[What the exercise asks]
Search each line of the data for the word "Stock"; copy every line where it is found.

[Excerpted data]
-------
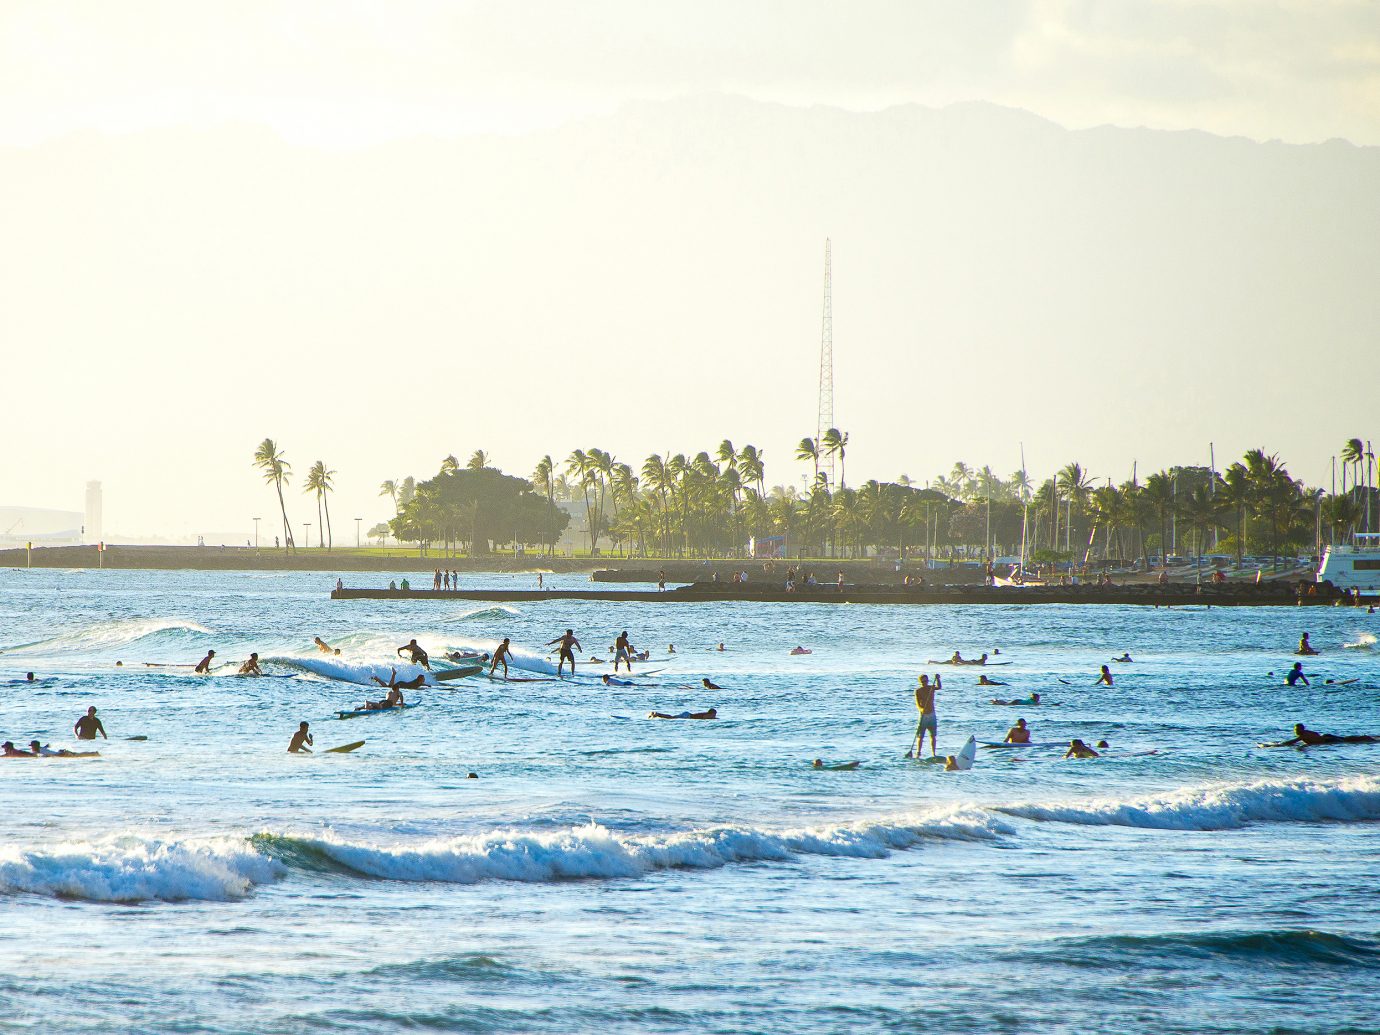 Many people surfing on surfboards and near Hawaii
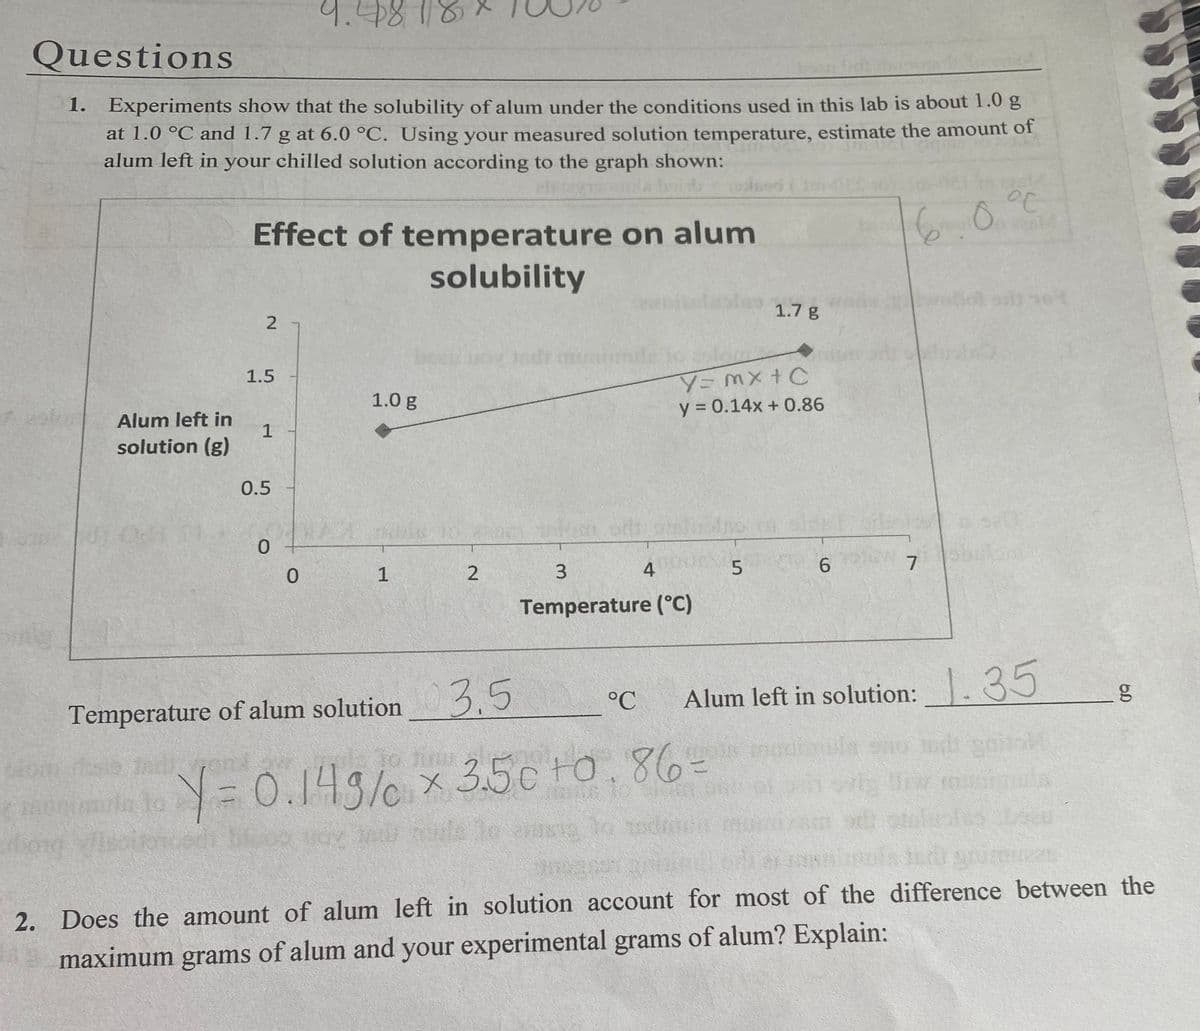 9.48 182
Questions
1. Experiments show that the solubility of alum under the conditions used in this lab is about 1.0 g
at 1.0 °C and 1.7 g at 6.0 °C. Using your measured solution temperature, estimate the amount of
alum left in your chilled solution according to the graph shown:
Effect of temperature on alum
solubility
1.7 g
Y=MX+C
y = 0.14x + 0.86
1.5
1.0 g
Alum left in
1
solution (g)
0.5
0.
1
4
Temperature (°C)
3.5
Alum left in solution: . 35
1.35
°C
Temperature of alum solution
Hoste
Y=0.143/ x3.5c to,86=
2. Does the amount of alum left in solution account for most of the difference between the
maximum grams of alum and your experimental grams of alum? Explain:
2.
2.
-------
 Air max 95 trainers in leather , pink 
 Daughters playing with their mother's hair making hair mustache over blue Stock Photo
-------
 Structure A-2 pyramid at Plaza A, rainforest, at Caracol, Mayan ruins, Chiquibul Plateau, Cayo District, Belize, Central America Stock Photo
-------
[Written solution]
 Daughters playing with their mother's hair making hair mustache over blue Stock Photo
 Structure A-2 pyramid at Plaza A, rainforest, at Caracol, Mayan ruins, Chiquibul Plateau, Cayo District, Belize, Central America Stock Photo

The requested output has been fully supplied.